■ Assigned task ■
The expected output is a verbatim reprint of the lines from the beginning of the data that follows through the line that contains "Tamiya - Scania".

Data records
....

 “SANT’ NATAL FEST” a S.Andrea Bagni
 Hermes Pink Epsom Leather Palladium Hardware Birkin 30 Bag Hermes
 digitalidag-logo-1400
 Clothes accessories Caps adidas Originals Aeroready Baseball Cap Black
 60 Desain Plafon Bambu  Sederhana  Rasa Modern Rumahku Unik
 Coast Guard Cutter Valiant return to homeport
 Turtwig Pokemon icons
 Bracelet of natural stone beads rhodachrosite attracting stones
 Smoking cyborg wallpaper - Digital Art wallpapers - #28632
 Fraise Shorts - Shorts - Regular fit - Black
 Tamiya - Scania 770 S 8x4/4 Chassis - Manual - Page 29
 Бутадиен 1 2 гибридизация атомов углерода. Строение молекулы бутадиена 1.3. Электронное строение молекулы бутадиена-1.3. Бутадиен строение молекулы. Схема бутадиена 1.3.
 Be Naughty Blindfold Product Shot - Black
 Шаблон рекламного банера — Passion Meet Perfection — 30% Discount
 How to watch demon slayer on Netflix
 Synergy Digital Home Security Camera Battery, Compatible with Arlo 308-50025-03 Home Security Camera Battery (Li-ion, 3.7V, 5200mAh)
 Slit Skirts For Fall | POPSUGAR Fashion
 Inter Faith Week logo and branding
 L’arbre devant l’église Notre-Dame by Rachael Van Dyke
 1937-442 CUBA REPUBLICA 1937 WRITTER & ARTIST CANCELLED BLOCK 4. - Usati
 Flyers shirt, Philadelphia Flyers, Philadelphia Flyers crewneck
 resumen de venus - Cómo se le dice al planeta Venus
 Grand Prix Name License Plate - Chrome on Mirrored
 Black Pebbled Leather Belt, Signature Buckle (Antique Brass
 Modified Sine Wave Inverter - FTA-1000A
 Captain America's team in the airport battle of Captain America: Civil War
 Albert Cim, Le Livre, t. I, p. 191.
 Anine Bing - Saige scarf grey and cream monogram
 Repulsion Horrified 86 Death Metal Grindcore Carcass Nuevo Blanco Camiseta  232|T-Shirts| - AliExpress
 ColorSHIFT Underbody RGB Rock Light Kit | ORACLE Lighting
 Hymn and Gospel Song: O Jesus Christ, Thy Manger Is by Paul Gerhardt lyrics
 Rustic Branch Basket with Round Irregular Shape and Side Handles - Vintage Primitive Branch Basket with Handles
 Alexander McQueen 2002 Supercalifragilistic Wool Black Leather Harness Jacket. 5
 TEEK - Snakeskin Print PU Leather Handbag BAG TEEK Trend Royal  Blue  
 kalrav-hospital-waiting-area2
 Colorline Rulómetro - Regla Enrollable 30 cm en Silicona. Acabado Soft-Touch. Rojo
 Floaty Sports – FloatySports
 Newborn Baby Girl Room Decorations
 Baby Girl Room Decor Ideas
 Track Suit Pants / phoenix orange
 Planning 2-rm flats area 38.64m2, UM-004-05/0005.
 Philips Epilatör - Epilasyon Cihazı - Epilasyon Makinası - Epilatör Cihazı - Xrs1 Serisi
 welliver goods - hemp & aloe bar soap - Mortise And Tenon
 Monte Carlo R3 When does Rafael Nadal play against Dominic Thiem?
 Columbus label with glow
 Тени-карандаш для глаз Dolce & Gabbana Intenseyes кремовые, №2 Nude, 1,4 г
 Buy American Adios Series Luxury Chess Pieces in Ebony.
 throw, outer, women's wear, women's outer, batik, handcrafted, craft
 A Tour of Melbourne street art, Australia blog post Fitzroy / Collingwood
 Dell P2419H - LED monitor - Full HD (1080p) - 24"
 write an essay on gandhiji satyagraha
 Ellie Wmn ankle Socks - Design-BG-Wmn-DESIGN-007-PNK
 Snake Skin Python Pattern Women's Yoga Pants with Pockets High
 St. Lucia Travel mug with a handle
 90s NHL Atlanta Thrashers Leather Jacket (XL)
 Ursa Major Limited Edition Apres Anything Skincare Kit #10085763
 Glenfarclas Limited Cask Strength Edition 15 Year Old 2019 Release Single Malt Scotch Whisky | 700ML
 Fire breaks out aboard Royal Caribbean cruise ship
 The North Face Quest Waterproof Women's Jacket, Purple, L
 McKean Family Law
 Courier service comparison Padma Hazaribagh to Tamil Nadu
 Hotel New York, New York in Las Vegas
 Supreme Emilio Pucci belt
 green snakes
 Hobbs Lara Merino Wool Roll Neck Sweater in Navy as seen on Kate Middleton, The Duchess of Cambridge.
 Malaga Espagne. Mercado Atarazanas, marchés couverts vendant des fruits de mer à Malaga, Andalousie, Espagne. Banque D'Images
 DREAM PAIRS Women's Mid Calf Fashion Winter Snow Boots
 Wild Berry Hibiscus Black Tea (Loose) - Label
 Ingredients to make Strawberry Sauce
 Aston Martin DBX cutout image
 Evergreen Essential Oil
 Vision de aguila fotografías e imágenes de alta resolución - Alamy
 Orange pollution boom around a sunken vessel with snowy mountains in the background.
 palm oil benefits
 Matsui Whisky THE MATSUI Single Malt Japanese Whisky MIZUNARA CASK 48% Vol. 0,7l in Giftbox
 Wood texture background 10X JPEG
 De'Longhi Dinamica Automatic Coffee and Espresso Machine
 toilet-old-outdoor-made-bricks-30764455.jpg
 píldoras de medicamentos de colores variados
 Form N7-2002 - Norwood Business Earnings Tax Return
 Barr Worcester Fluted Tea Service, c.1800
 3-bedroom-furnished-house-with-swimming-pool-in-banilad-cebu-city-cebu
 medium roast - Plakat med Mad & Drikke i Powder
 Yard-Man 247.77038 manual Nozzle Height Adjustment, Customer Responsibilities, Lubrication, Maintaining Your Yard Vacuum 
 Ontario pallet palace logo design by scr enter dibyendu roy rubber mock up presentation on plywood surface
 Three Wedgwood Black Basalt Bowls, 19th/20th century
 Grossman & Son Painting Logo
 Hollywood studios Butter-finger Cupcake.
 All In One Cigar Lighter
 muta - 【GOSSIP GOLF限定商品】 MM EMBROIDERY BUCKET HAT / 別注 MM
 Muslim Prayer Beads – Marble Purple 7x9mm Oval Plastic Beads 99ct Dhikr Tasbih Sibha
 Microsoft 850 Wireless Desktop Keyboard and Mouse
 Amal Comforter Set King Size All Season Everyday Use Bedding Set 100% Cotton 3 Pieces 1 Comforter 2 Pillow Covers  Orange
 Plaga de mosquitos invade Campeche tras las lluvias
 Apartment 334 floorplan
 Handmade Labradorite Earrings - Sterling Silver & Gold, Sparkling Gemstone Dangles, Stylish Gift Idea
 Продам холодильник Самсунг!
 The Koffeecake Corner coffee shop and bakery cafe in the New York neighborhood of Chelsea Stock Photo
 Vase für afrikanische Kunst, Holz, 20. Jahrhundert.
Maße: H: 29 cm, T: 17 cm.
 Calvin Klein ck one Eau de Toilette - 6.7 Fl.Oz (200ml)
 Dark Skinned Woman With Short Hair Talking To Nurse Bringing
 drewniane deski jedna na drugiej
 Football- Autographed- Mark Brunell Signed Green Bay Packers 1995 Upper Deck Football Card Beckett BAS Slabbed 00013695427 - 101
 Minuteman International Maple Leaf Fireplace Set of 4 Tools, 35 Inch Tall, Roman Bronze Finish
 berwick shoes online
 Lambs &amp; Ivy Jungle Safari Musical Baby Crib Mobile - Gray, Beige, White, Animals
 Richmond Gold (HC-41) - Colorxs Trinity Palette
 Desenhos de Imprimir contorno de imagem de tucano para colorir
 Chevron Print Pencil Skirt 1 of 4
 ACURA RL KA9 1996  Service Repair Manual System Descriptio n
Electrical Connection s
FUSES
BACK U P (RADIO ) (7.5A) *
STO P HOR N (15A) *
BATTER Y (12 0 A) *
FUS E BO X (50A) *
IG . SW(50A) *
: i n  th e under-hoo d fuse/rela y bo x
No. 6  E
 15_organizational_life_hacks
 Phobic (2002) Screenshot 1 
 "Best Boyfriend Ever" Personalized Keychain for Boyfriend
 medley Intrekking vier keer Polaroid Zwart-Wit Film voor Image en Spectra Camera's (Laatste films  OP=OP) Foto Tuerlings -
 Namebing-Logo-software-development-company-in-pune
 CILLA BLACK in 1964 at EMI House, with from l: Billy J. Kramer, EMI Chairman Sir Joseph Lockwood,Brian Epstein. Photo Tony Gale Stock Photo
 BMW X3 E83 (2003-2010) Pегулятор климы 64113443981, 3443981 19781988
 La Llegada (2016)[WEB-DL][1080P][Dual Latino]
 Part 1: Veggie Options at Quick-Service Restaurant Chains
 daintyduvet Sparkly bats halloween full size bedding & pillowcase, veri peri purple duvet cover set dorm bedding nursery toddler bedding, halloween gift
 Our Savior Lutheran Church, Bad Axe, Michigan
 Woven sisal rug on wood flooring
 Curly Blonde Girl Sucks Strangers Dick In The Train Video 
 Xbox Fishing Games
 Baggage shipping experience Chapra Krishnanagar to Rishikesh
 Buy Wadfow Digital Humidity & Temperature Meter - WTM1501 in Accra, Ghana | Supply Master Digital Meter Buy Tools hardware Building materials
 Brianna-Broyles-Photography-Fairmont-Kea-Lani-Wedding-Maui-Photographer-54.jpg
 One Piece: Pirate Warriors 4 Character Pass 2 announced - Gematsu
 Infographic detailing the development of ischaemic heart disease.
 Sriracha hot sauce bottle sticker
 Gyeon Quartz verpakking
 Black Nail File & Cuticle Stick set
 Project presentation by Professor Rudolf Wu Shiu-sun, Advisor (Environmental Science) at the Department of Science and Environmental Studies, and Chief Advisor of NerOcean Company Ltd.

....

■ Output below ■
 “SANT’ NATAL FEST” a S.Andrea Bagni
 Hermes Pink Epsom Leather Palladium Hardware Birkin 30 Bag Hermes
 digitalidag-logo-1400
 Clothes accessories Caps adidas Originals Aeroready Baseball Cap Black
 60 Desain Plafon Bambu  Sederhana  Rasa Modern Rumahku Unik
 Coast Guard Cutter Valiant return to homeport
 Turtwig Pokemon icons
 Bracelet of natural stone beads rhodachrosite attracting stones
 Smoking cyborg wallpaper - Digital Art wallpapers - #28632
 Fraise Shorts - Shorts - Regular fit - Black
 Tamiya - Scania 770 S 8x4/4 Chassis - Manual - Page 29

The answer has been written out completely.